Are we certain that the child isn't better off?


There is so much wrapped up in this issue of parenting and abandonment. Because a parent can be physically present and still have children with abandonment issues if they didn't choose them over other things, and if the child didn't feel safe or loved.

And so, unsurprisingly for me I suppose, this topic centred on advocating for the child, allowing compassion for the mother, and questioning society.


The child


The mother


Society


What about those children who had to raise their parents and never actually got a childhood? What about the story of a parent who lost their partner and was lost to grief, either turning to alcohol or simply switching off. Leaving a child to raise themselves, to be on high-alert constantly risk-assessing because the adult wasn't capable of doing so. The child never being able to grieve their parent because they had to become one. As I paint this picture I want you to think - in your mind is the parent left behind in a catatonic state, is it a man or a woman? Do we automatically assume that men are less able to cope, or that a mother is biologically attuned to prioritise her children and therefore get on with it?


What about the children who suffered sustained trauma, blow after blow of loss, tragedy and abuse...who grew up not because they matured or flourished, but because time passed and they remained in a state of shock.
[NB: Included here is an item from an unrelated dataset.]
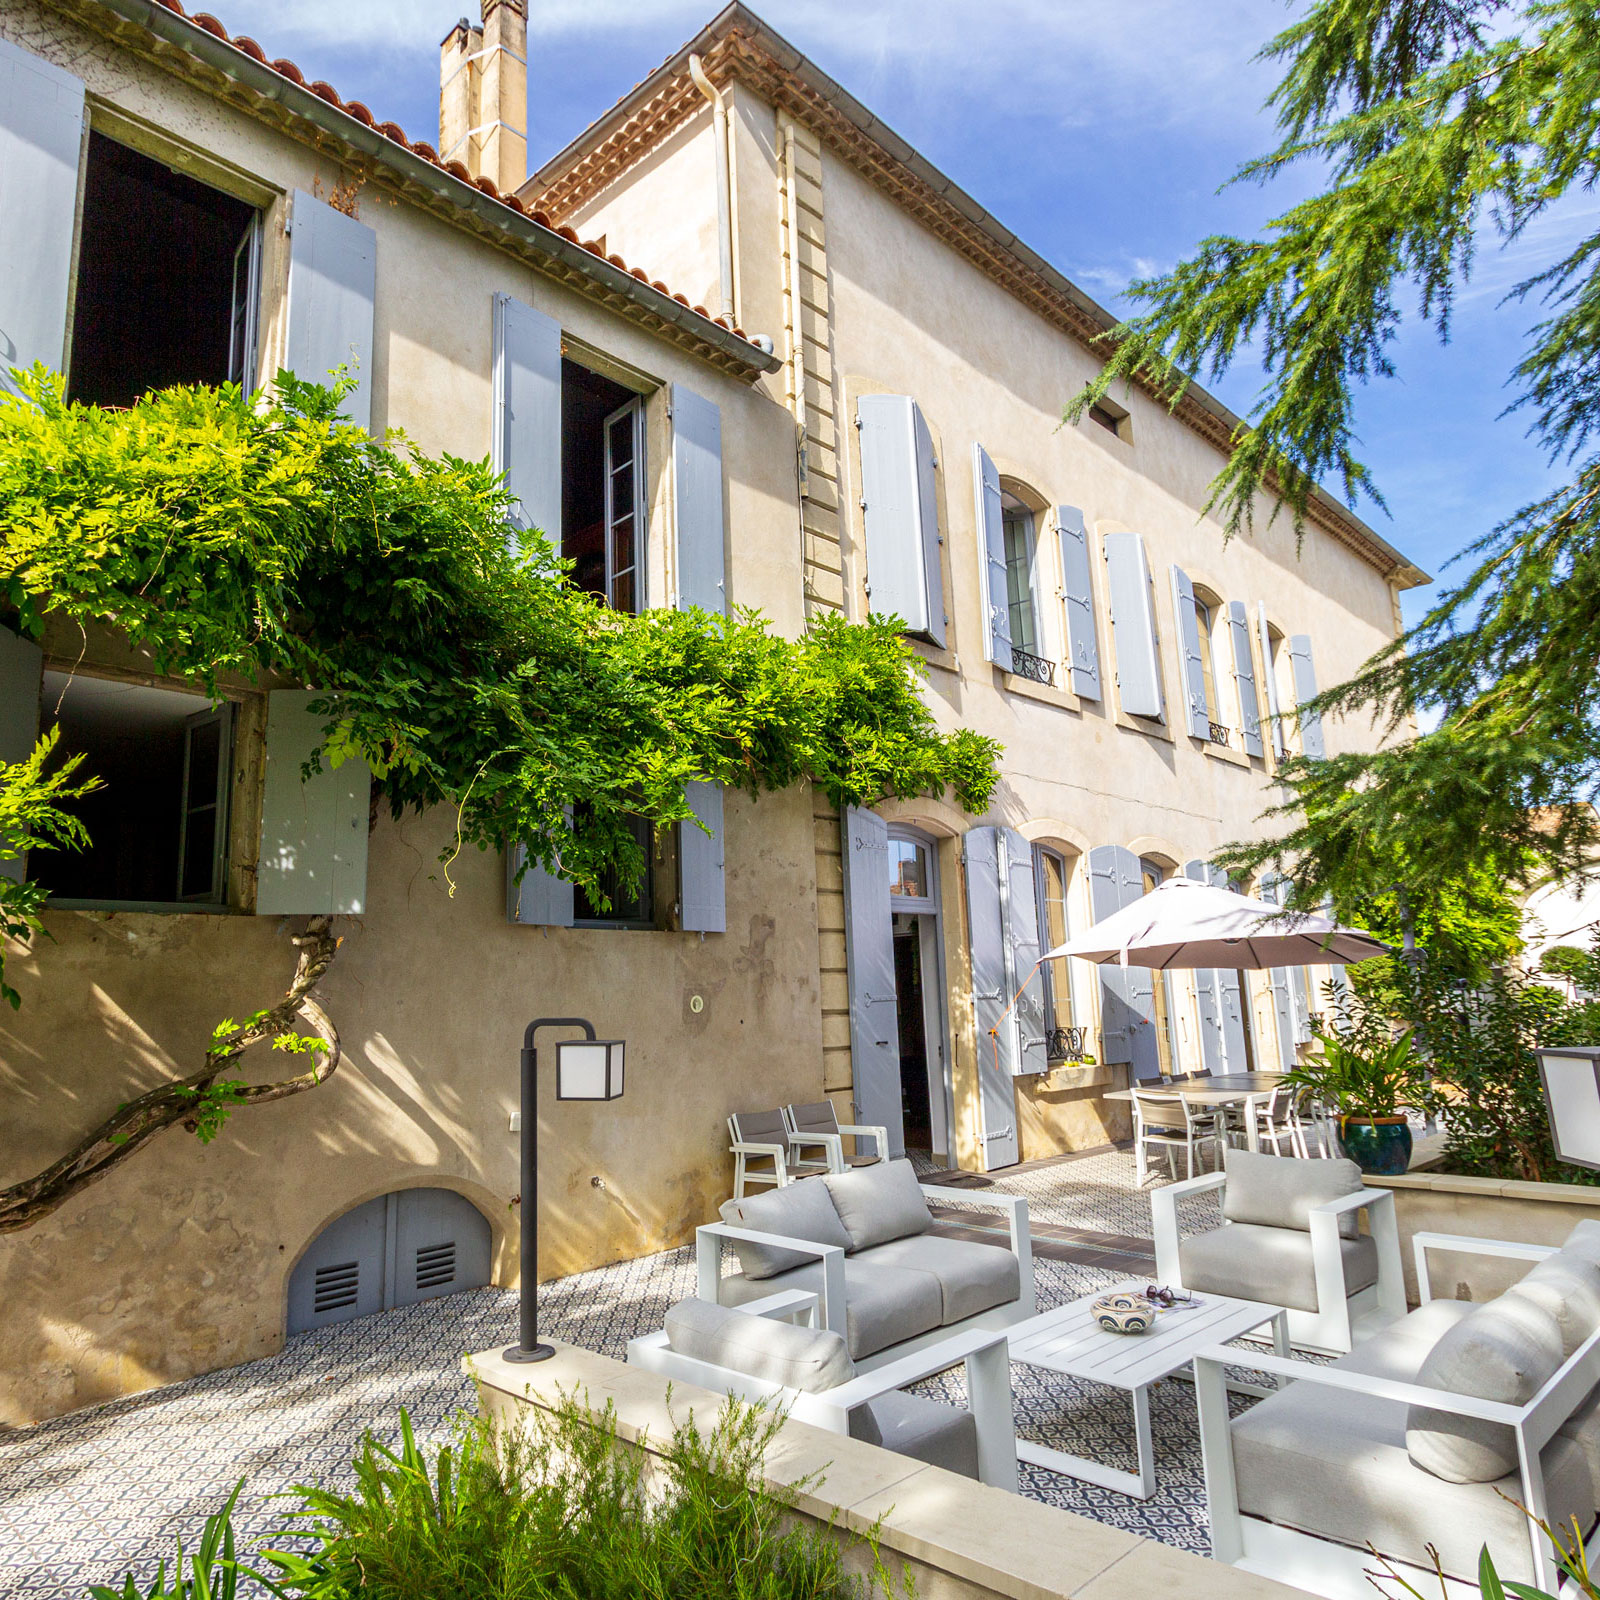 Villa Pin Napoleon, holiday villa with a private heated gated pool, walk to restaurants in Monsegur SW France

Those children would have an adult age but a suspended brain and emotional immaturity. What then, when they have their own children? They aren't suddenly able to parent the child if they are still shut down from their prolonged trauma. When their child cries, demanding food or attention it will be perceived as another stressor. Neither their mind or their body can interpret that correctly...how are they supposed to be a good parent?


Have you ever met a parent who so obviously cared about meeting their own needs above their child's, and really was not interested in their own child? Would you want that parent to give up their child, or to stay because they are biologically related or because it would make you feel more comfortable?


Many of the issues we have in society, affecting all of us, come from how children were treated in the home and then in the world.

If trauma wasn't dealt with in therapy then it's still being carried around in the body, which leads to both mental and physical health issues. The body presents physical symptoms as a way to expel the trauma. Mental health isn't treated the same as physical health and yet mental health can be behind a large variety of physical ailments such as fibromyalgia, IBS, psoriasis... Why are anxiety and depression thought of as mental illnesses when they have physical symptoms?


The reality is that each of us hold great power. In our thoughts, in our words and in our actions. With every choice we make we either positively influence the world or we negatively influence the world. Every time we moan about something we spread negativity. Every time we extend compassion and grace to someone else we spread positivity. Every time we think a loving thought towards ourselves we strengthen our self-love and self-esteem. Every time we say a critical word to ourselves we diminish our light.

Every time we litter we make the world a worse place.

Every time we help our community we make the world a better place.


My lasting thought is around capacity. If you are capable of taking the time to think of someone else's experience and perspective then do so, because that action takes from the side of the small-minded and feeds in to being open-minded. If you have the capacity to help someone do so. If you have concerns about a child do something about it, and if you see a family struggling try to help them.

And if you, like the rest of the world are figuring out how to look after yourself, prioritise yourself and learning that being self-full is not selfish, then take a second to think of those mothers out there who came to the decision that they didn't have the capacity to be the kind of parent their child needed and made the unbearable decision to let them go.


Expanding your perspective is how to expand the world.